PKK düzenlediği eylemlerle Ankara için sorun oluşturmaya devam ediyor, ancak Ermeni meselesi daha hassas. Zira Hıristiyan Batı bu meseleye Kürt meselesinden daha fazla anlayış gösteriyor. Bu nedenle Obama'nın 1915'te Ermenilere karşı Türkler tarafından yapılan katliamları 'soykırım' olarak tanıma taahhüdü, Türk yetkililerle yeni yönetim arasındaki görüşmelerde ilk sıralarda yer alacaktır.

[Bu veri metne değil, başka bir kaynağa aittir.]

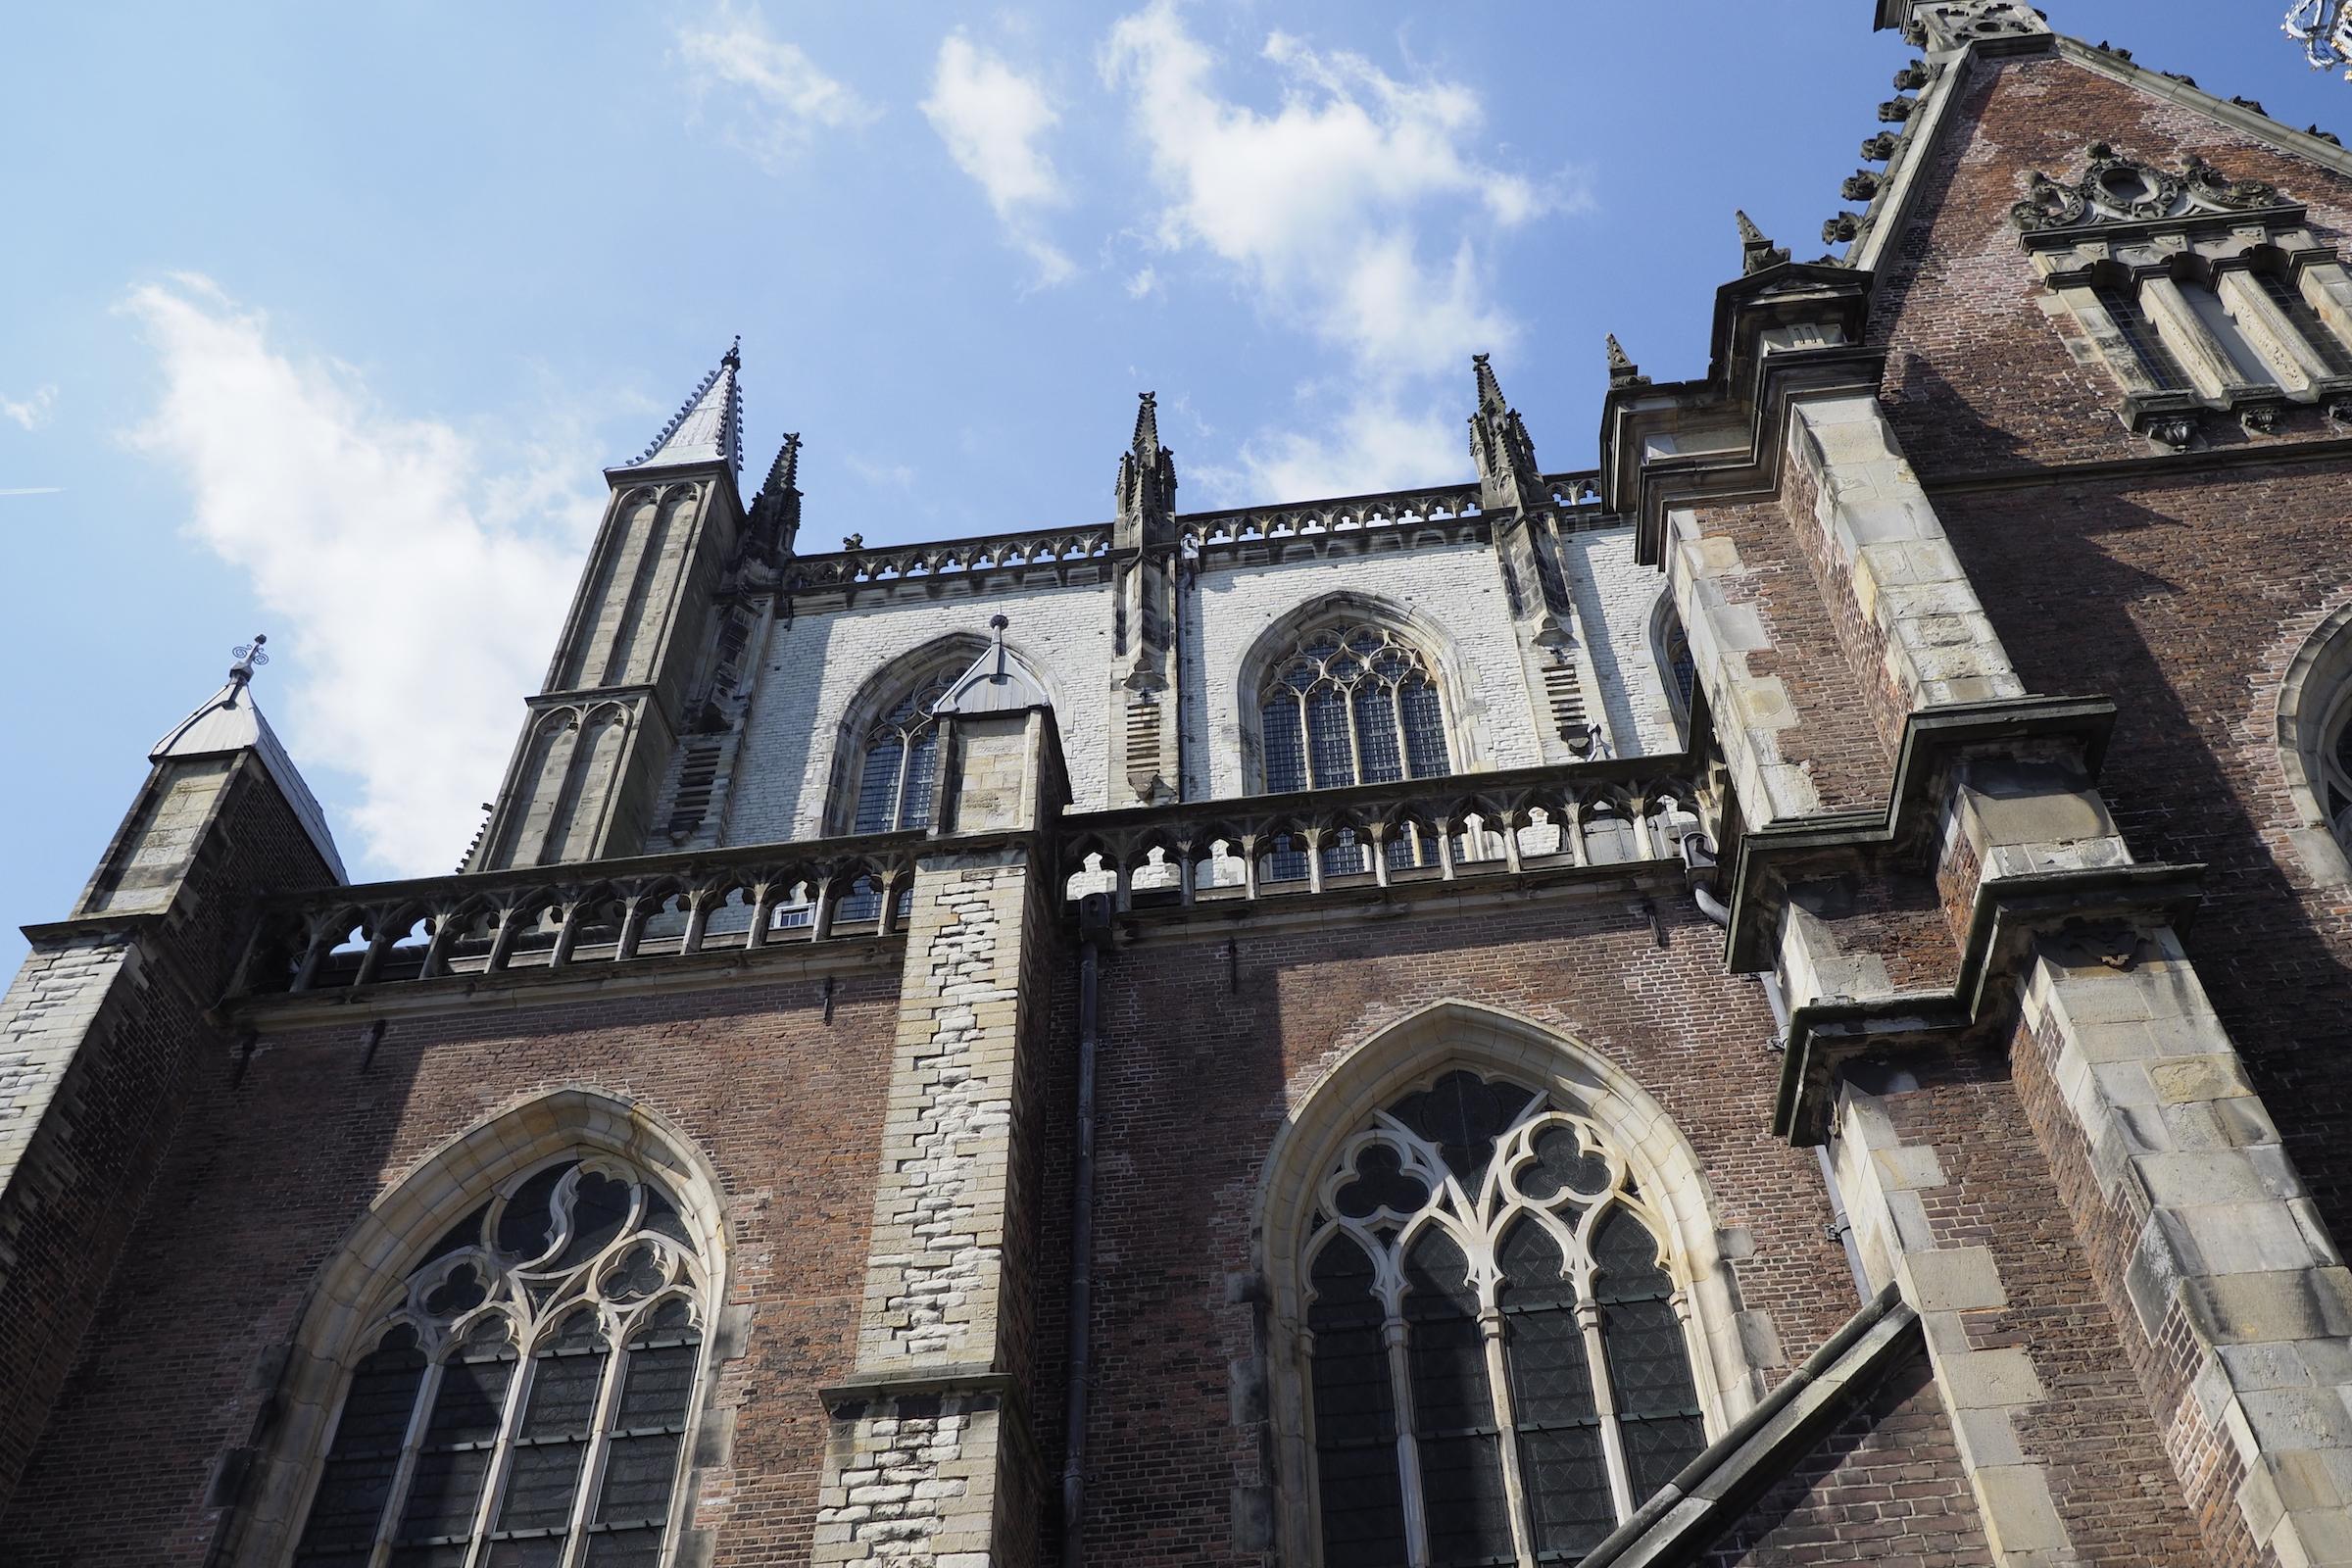 Grote Kerk aka St. Bavokerk (Great Church aka Saint Bavo Church) Haarlem, The Netherlands, Photo credit: Richard Terborg

Türkiye Başbakanı Tayyip Erdoğan'ın Obama'nın seçilmesine verdiği tepki dikkat çekiciydi. Erdoğan Obama'nın bazı tavırlarını kampanya dönemine bağladı ve seçimin ardından sona ermesi gerektiğini ifade etti. Yani Erdoğan Obama'dan Ermenilere verdiği 'soykırım'ı tanıma sözünden vazgeçmesini istiyor. Her Türk başbakanının alması öngörülen tavrın bu yönde olduğu şüphesiz. Ancak bu tavır, Obama'nın kampanya sırasındaki bütün yaklaşımlarının seçimin ardından son bulacak yalanlardan ibaret görerek yeni başkanı hafife alıyor.

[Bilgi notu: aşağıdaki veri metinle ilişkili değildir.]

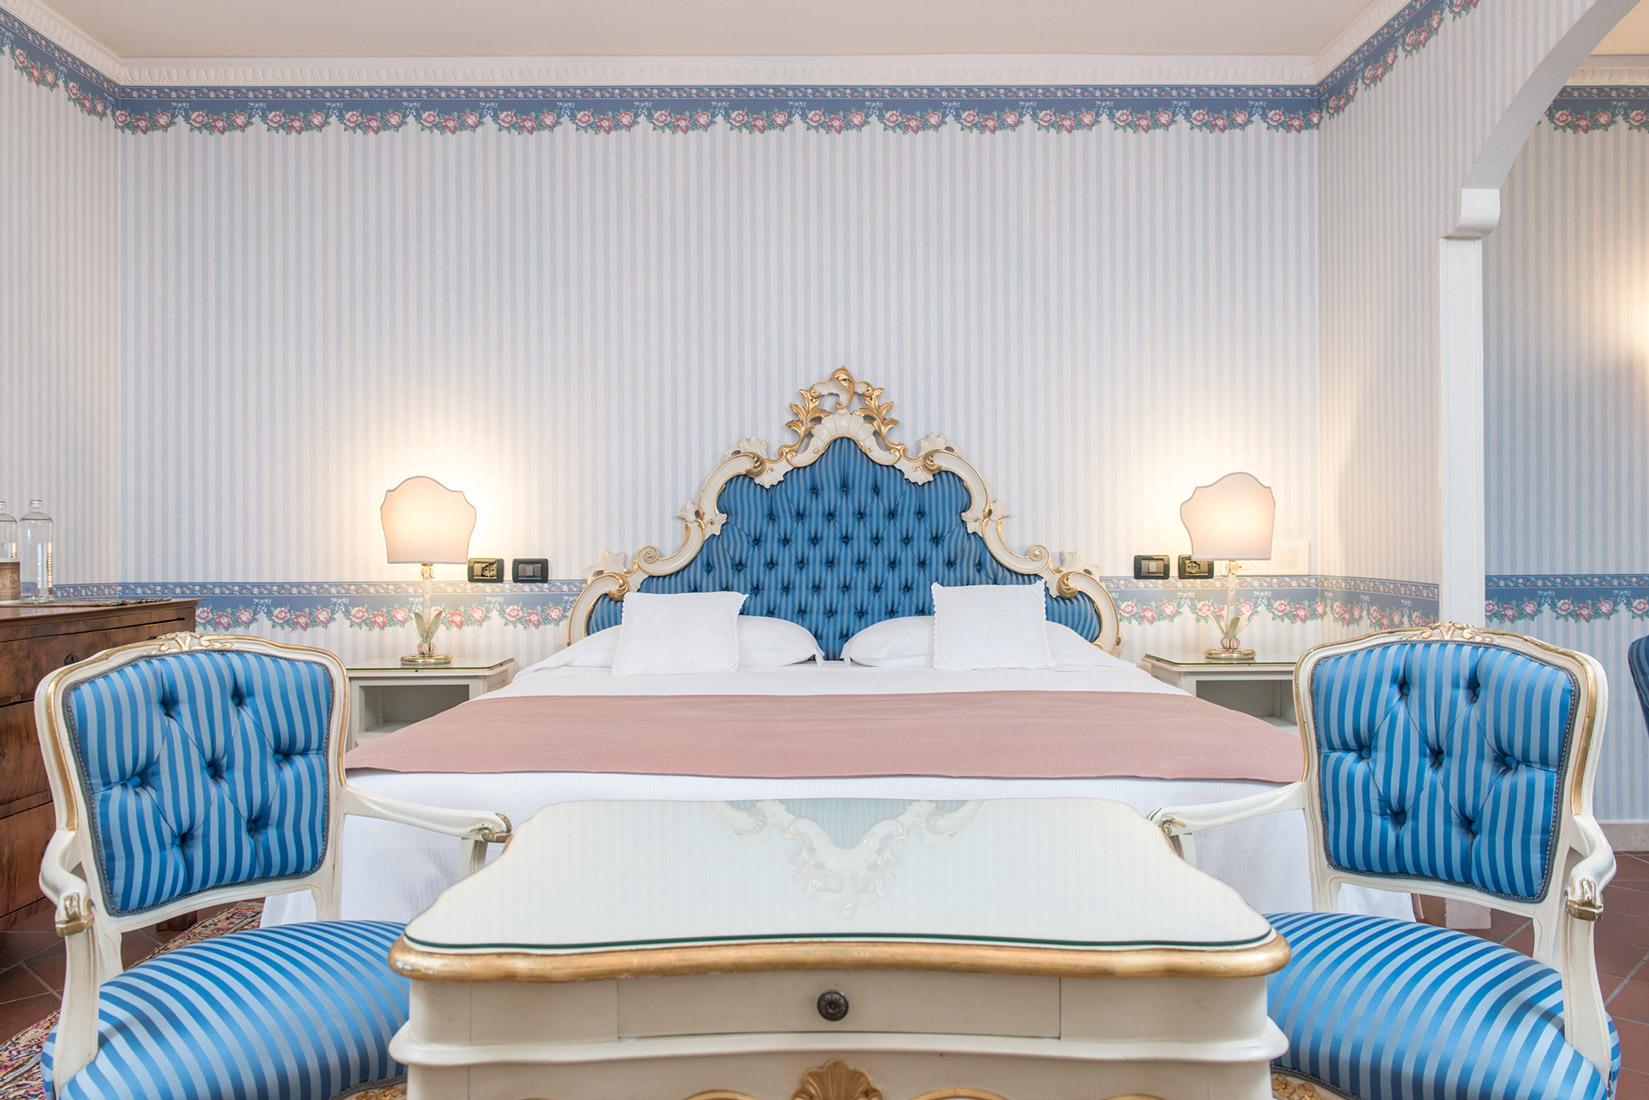 https://www.orlandinifrancesco.com/wp/wp-content/uploads/2019/01/Duchessa-Isabella-Ferrara-Camere-9.jpg

Türkiye yeni başkana yaklaşımını sadece Ermeni meselesiyle sınırlarsa yanlış yapar. Zira Obama, bölge ve Türkiye'nin üzerine ağır sorunlar ve tehlikeler bindiren Irak işgalinin sona ermesini istiyor. Yeni başkan, PKK sorununun bitmesi için en fazla işbirliğini isteyen kişi olduğuna dair işaretler de gönderdi. Bu durum
Türkiye'nin çıkarına.
Obama İran da dahil bölgedeki sorunlara yaklaşımda barışçıl çözümü yeğliyor. Bu durum Ankara'nın bakış açısıyla örtüşüyor. Ankara yeni Washington yönetimini rahatlatması gereken bu rolleri zaten oynuyor.
Belki de Ankara azınlıklar, özgürlükler ve demokrasi konularında bir çifte standart karşısında bulunduğunu düşünüyor. Zira ABD'deki Demokrat yönetimlerin, nihai veya gizli amaçları bir yana bu konulara karşı daha hassas yaklaştığı mâlum.

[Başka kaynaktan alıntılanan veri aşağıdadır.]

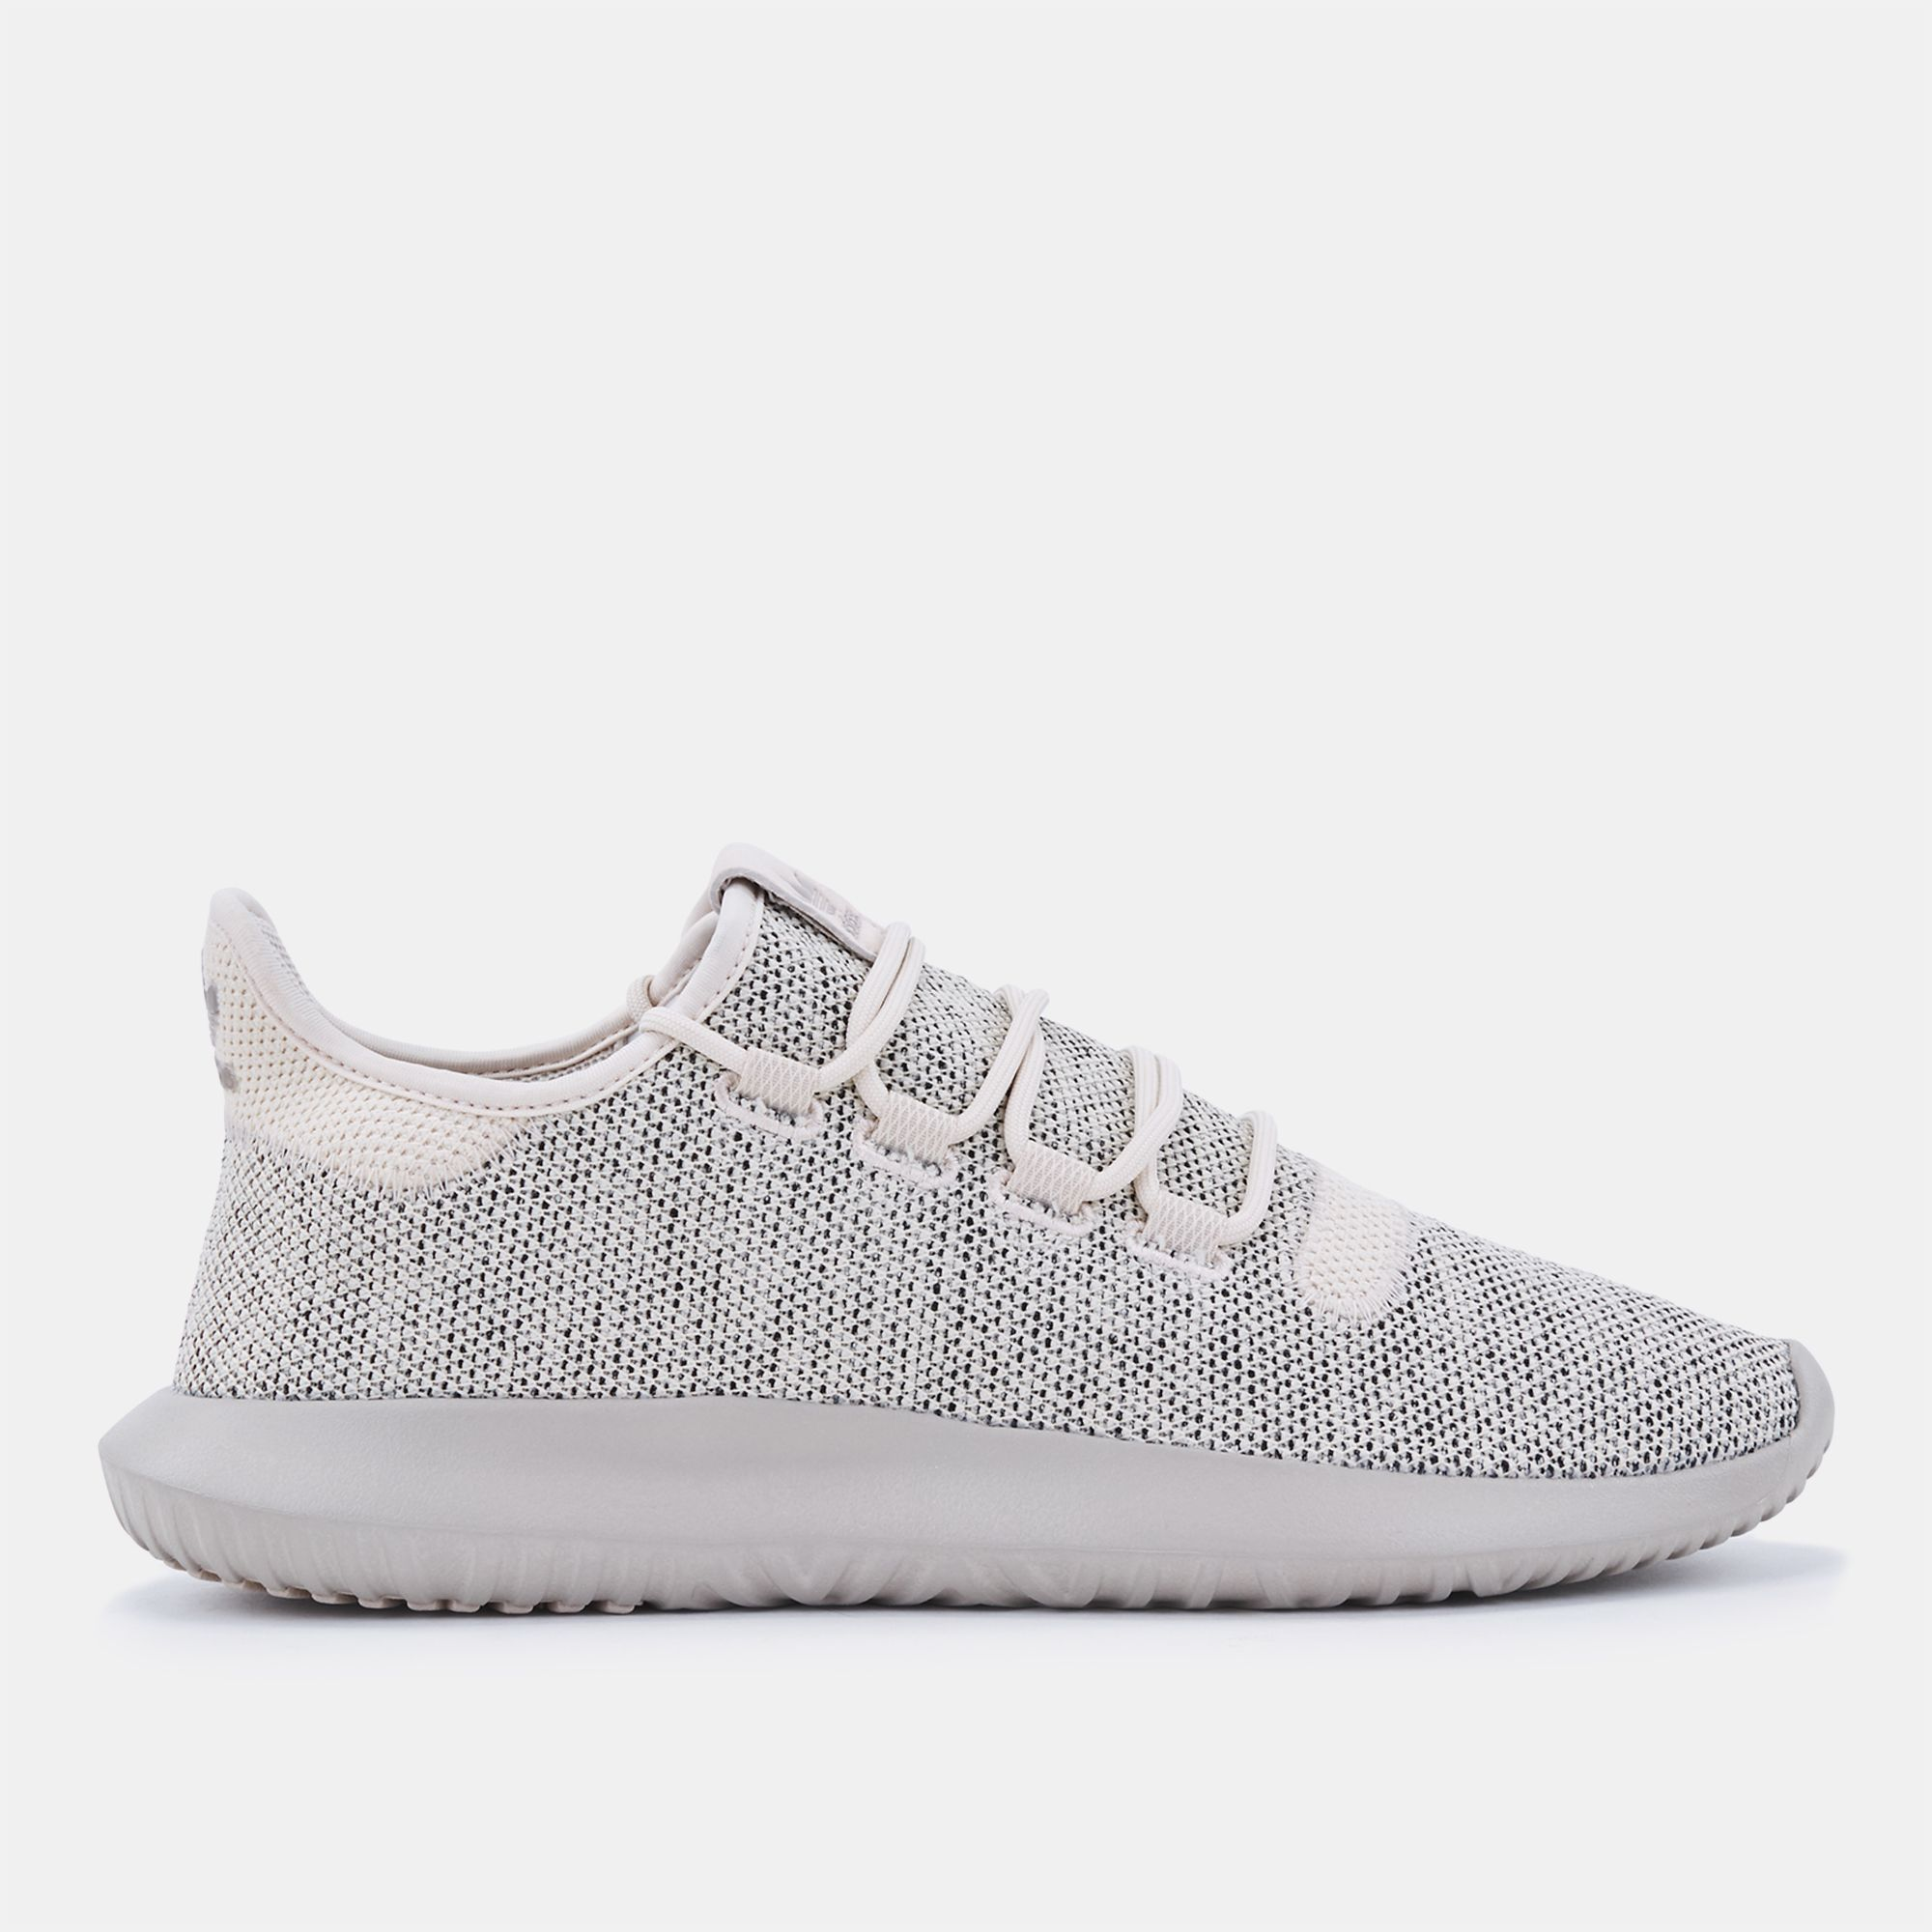 940ea51161ad9e adidas Originals Tubular Shadow Knit Shoe

Ankara Obama döneminde Hıristiyanların, Alevilerin, Kürtlerin ve diğer dini azınlıkların bazı haklarıyla ilgili konuların kızıştırılma ihtimalinden dolayı biraz endişeli. AKP de dahil hiçbir hükümet bu konulara yaklaşmaya cesaret edemedi. Fakat ABD'deki Demokratların bu konulara yönelik hassasiyeti aynı zamanda, AKP'nin AB üyeliği müzakerelerindeki duruşunu güçlendirecek şekilde reformları hayata geçirme eğilimiyle buluşuyor. Türkiye Obama'nın ABD başkanı olmasından endişelenmemeli. Çünkü Obama, Türkiye'nin ve özellikle de AKP'nin destekçisi olacak; tabii AKP ciddi reformlar yapmak isterse ki, Erdoğan ve arkadaşlarının istediği de zaten bu.
Diğer yandan, Obama yönetimi AKP'nin reform tezlerinin ciddiyeti bakımından bir sorun da oluşturmakta. Zira reform bazı anayasal düzenlemelerle ve askerin yetkilerinin azaltılmasıyla bitmiyor. AKP, Kürtlere kültürel haklarının verilmesi, dinsel ve mezhepsel azınlıkların isteklerinin kabulü gibi köklü reformlara dokunmadı. Başta 1915 olmak üzere geçmişle uzlaşı ve kara sayfaların temizlenmesiyle, Obama'nın Ermeni 'soykırımı'na yönelik tavrına dair endişelere çözüm bulunur. Sorun Obama veya rakibi John McCain değil. İsrail 2006'da yenildiğinde yeni Ortadoğu projesi de mağlup oldu. Türkiye ne istediğini bildiği sürece yenilmez veya Obama'dan endişe duymaz.